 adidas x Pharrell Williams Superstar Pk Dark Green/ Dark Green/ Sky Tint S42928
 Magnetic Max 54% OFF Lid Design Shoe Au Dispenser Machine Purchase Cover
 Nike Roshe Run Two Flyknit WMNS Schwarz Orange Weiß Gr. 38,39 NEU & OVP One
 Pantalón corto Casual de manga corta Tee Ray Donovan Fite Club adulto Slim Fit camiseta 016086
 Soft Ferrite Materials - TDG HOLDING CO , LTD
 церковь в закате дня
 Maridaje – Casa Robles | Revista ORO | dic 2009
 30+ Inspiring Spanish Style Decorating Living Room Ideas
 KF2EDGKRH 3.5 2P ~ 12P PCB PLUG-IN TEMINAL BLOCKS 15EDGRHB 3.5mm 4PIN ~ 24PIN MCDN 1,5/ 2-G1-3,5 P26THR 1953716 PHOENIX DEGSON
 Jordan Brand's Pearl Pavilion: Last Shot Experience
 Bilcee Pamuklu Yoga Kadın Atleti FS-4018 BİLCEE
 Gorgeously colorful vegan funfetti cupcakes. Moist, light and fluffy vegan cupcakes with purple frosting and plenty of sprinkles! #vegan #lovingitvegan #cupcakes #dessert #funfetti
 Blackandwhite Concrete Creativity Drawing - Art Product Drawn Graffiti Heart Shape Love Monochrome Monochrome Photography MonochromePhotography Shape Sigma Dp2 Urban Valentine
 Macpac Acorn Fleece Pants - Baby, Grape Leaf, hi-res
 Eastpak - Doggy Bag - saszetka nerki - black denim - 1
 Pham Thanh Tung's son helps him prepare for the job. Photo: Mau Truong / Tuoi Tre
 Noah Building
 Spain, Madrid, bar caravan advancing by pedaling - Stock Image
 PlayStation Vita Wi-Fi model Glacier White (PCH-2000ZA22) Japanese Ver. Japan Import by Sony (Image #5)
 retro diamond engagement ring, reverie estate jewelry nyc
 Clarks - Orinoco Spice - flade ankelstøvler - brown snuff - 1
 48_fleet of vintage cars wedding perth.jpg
☆ ☆ ☆ ☆ ☆ ☆ ☆
**What the exercise asks:** From the records, work out how many lines include "Image" and respond with the number only.

**Written answer:** 2